**What you have to do:** Drop every picture, then transcribe the remaining data exactly.

**Supplied information:**

------------

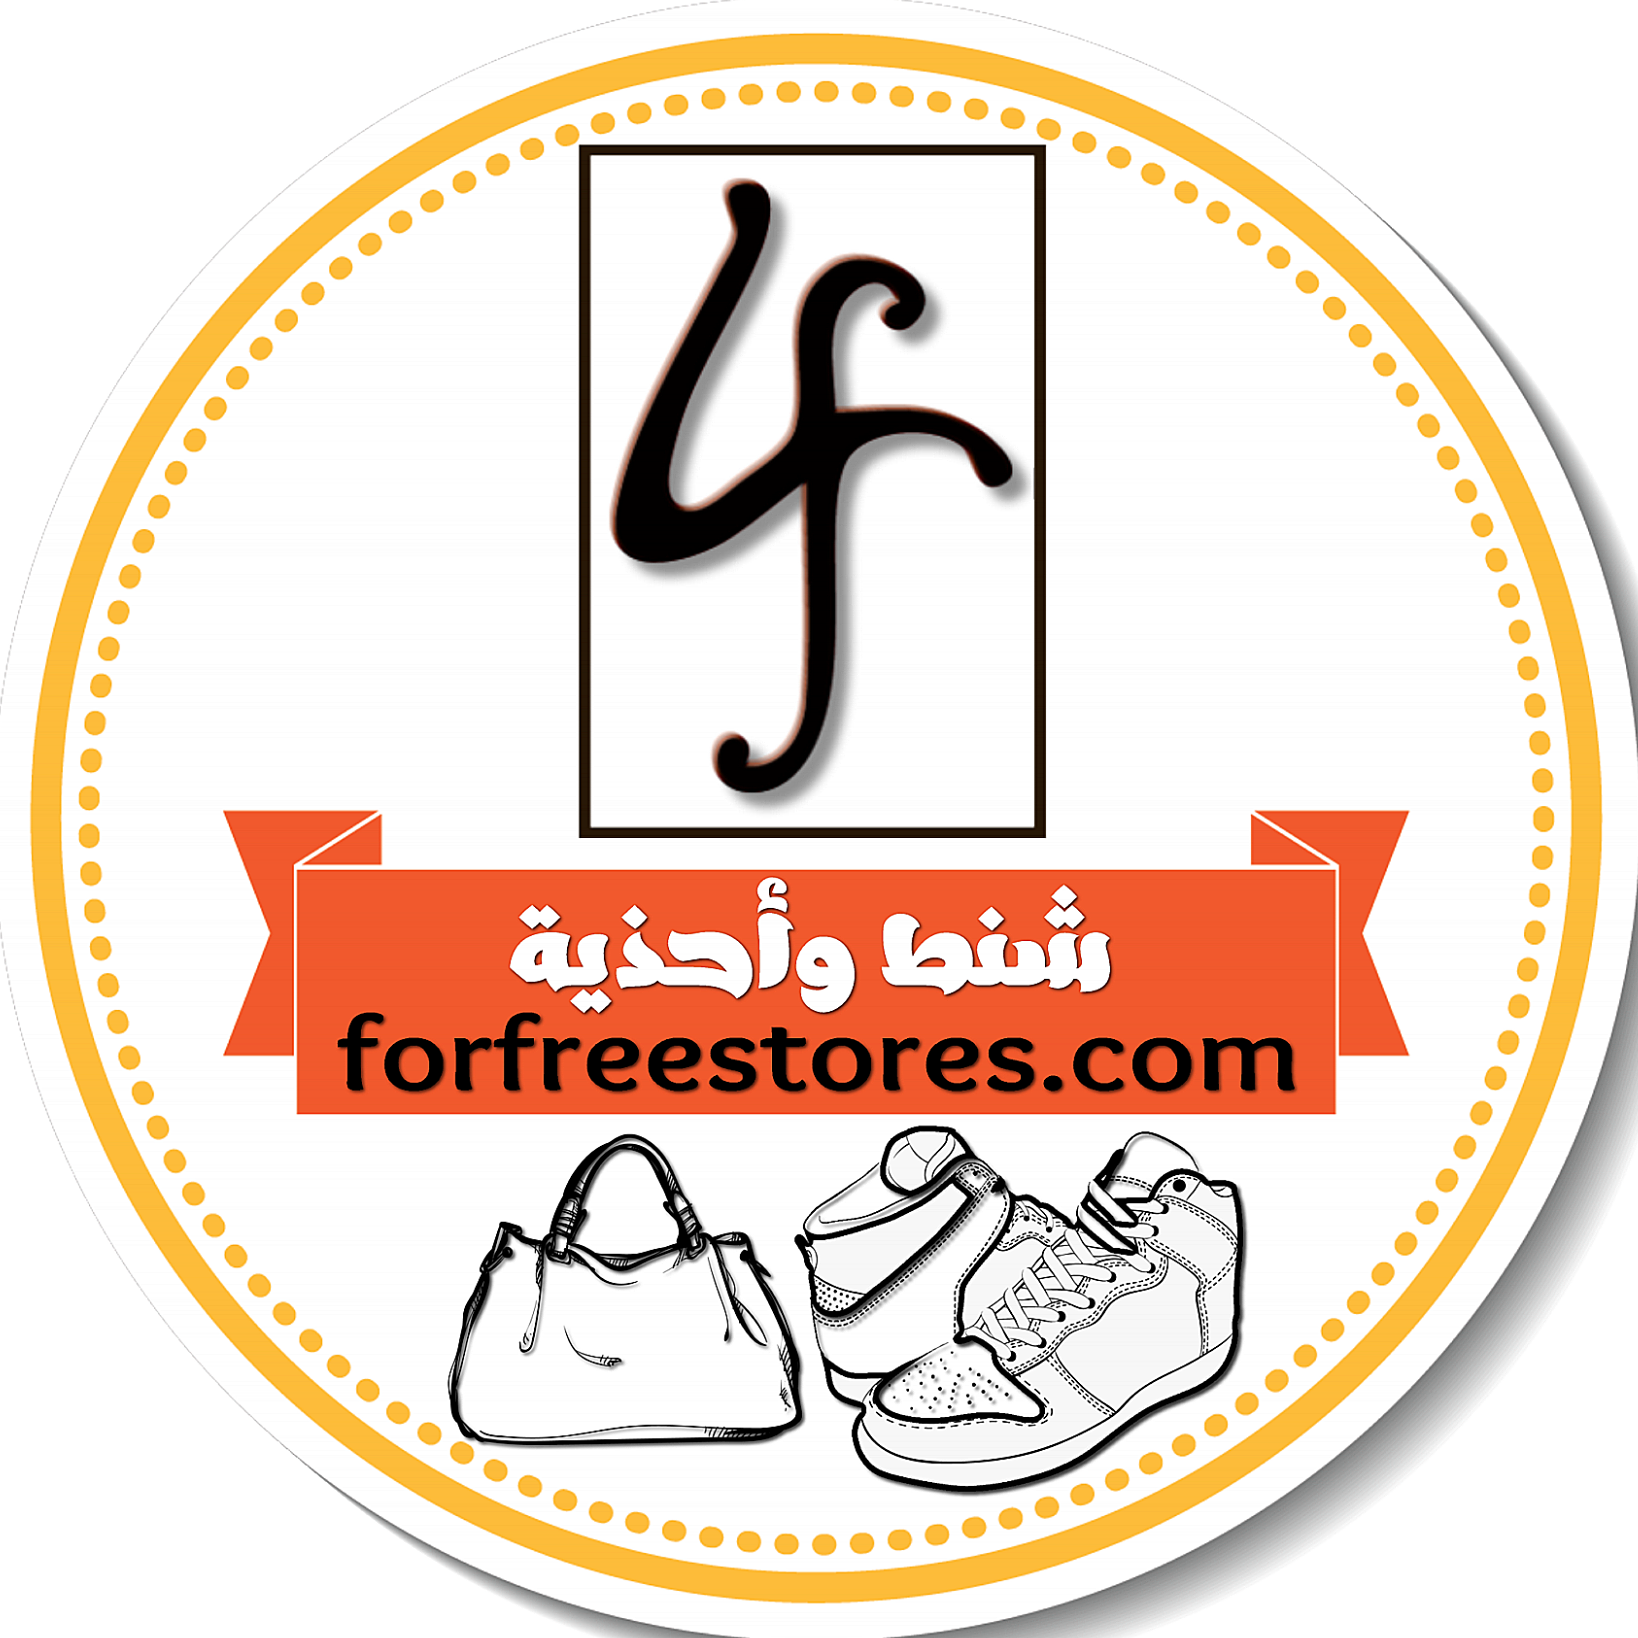 فور فري ستورز For Free Stores
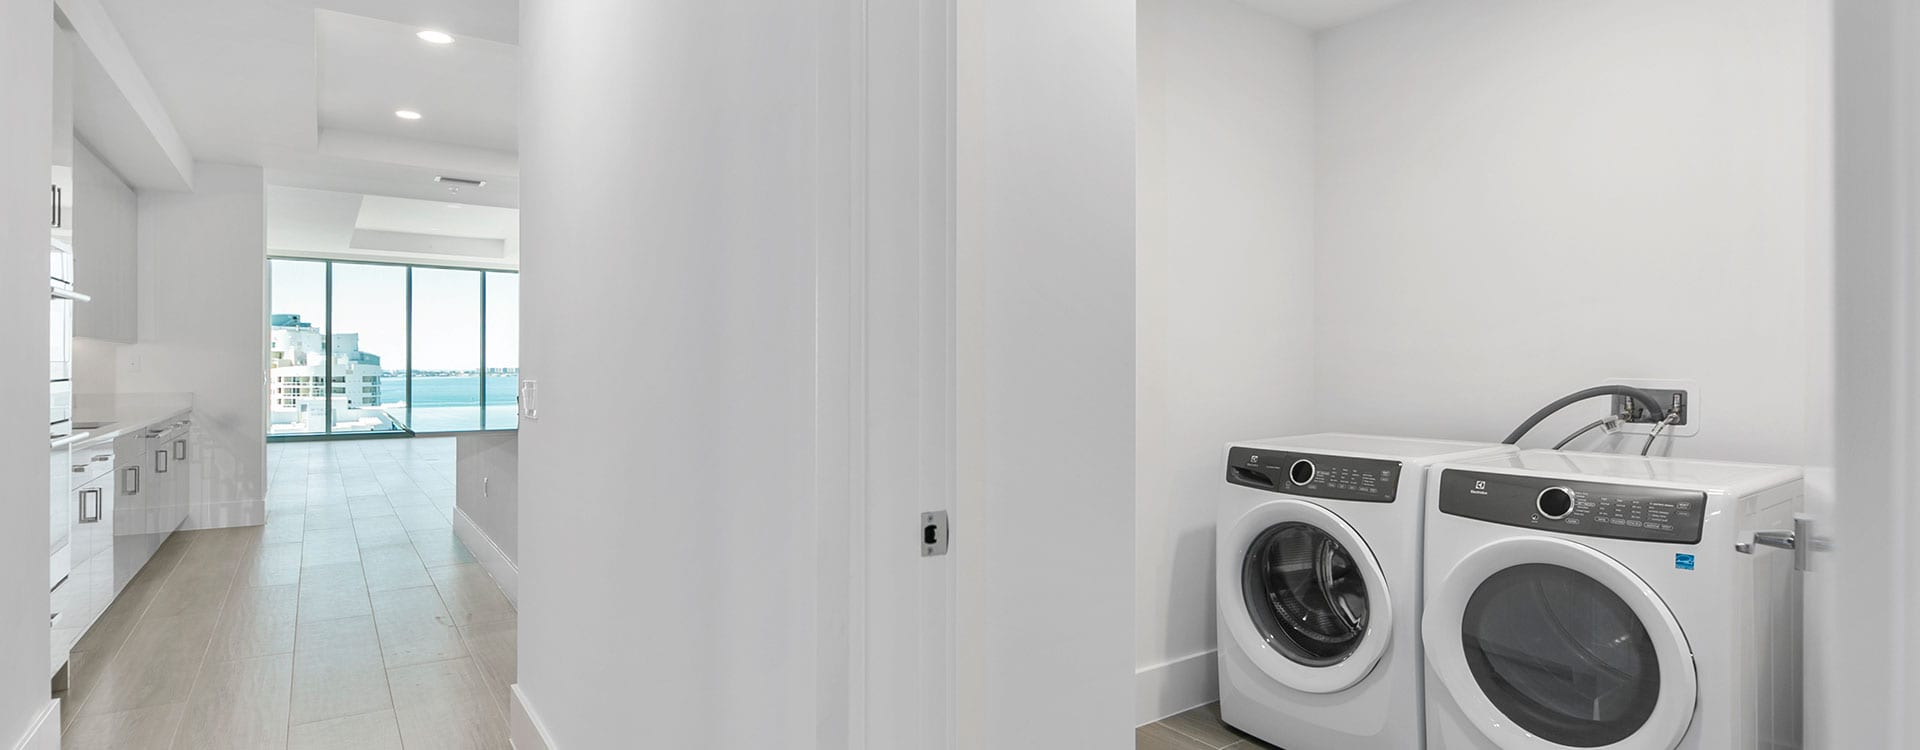 blvd sarasota residence 1503 laundry
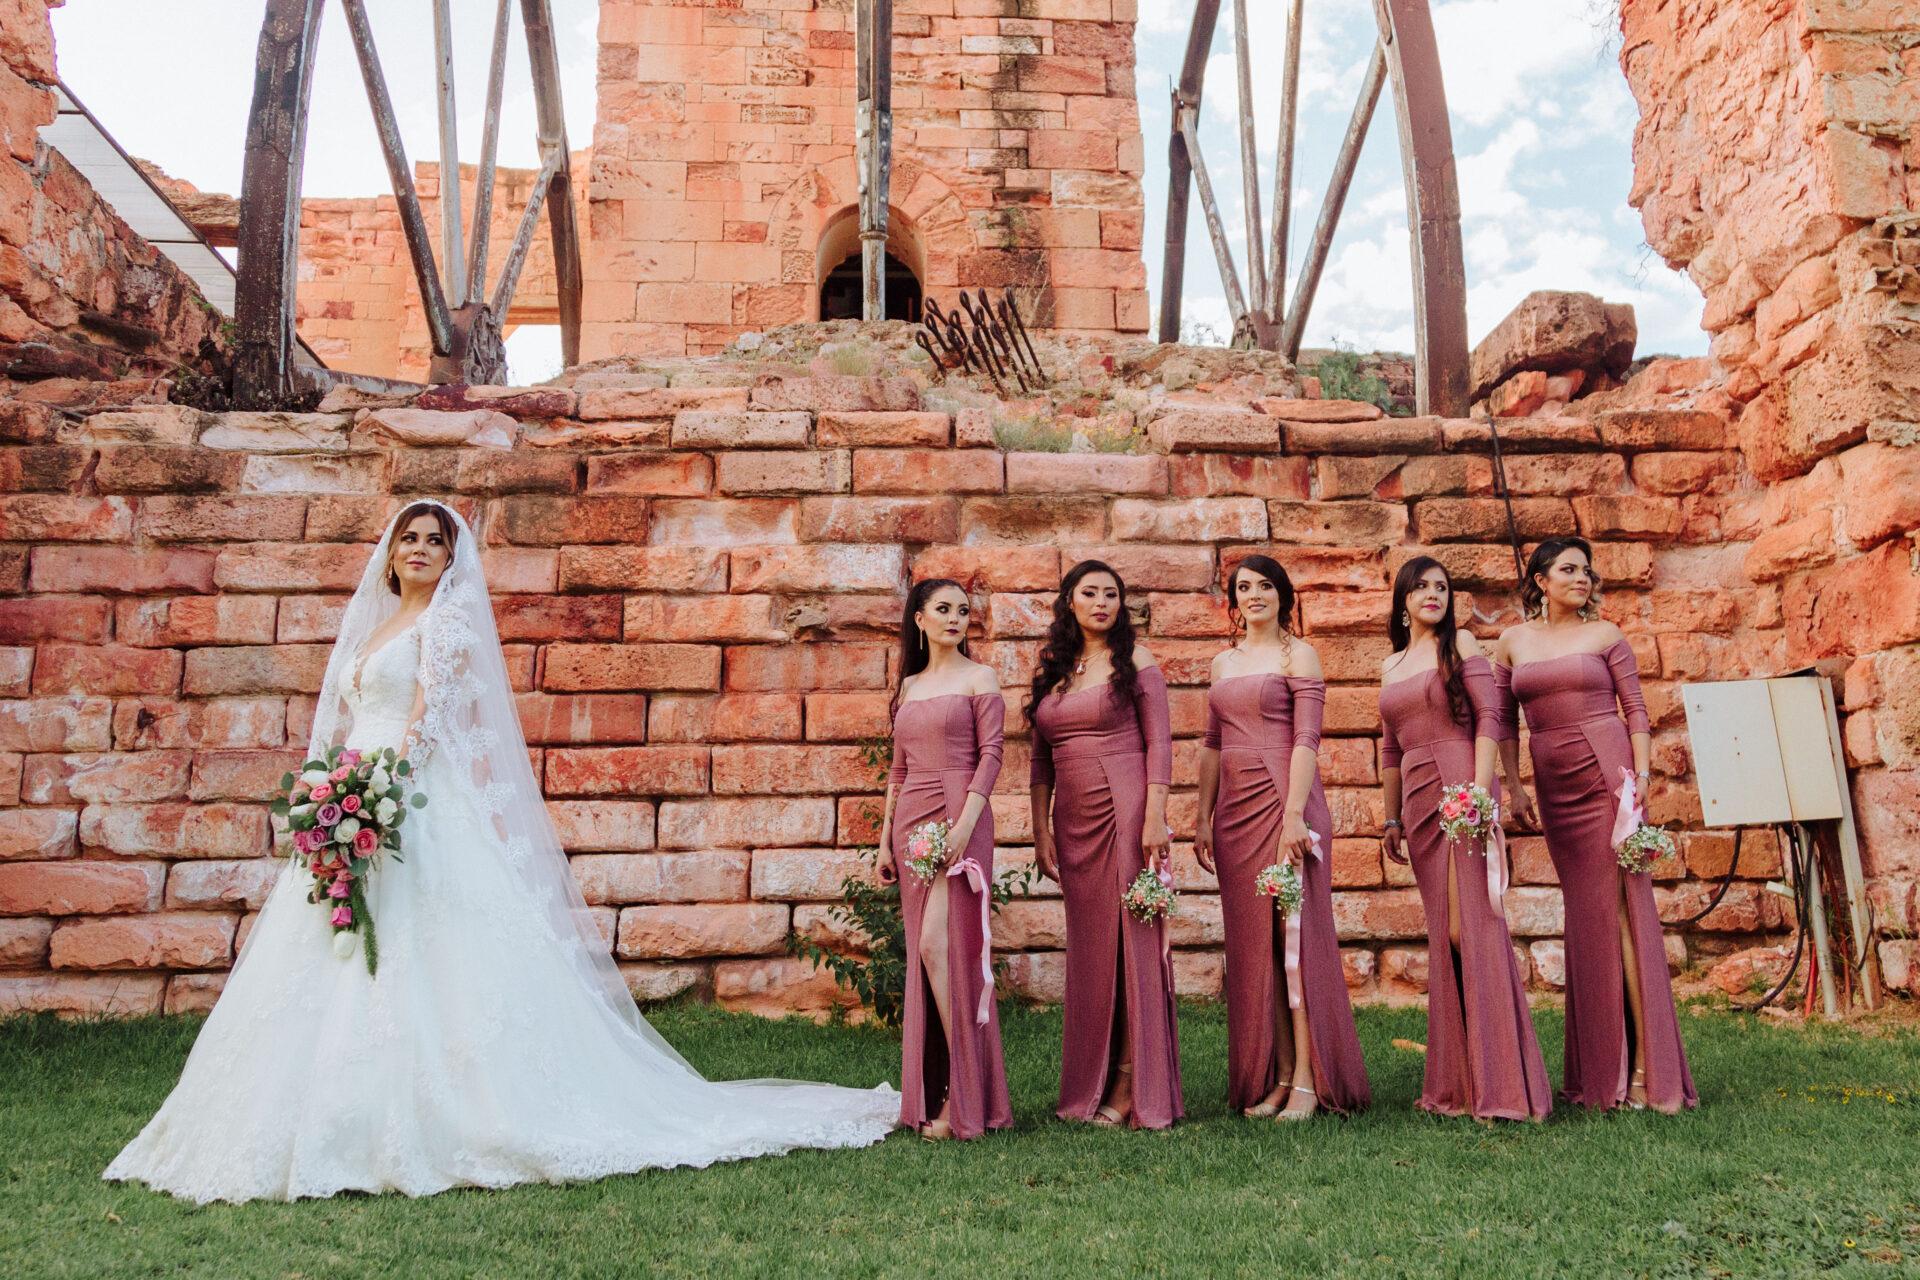 javier_noriega_fotografo_bodas_zacatecas_fresnillo_chihuahua_wedding_photographer16

------------

**Output of the exercise:**
 فور فري ستورز For Free Stores
 blvd sarasota residence 1503 laundry
 javier_noriega_fotografo_bodas_zacatecas_fresnillo_chihuahua_wedding_photographer16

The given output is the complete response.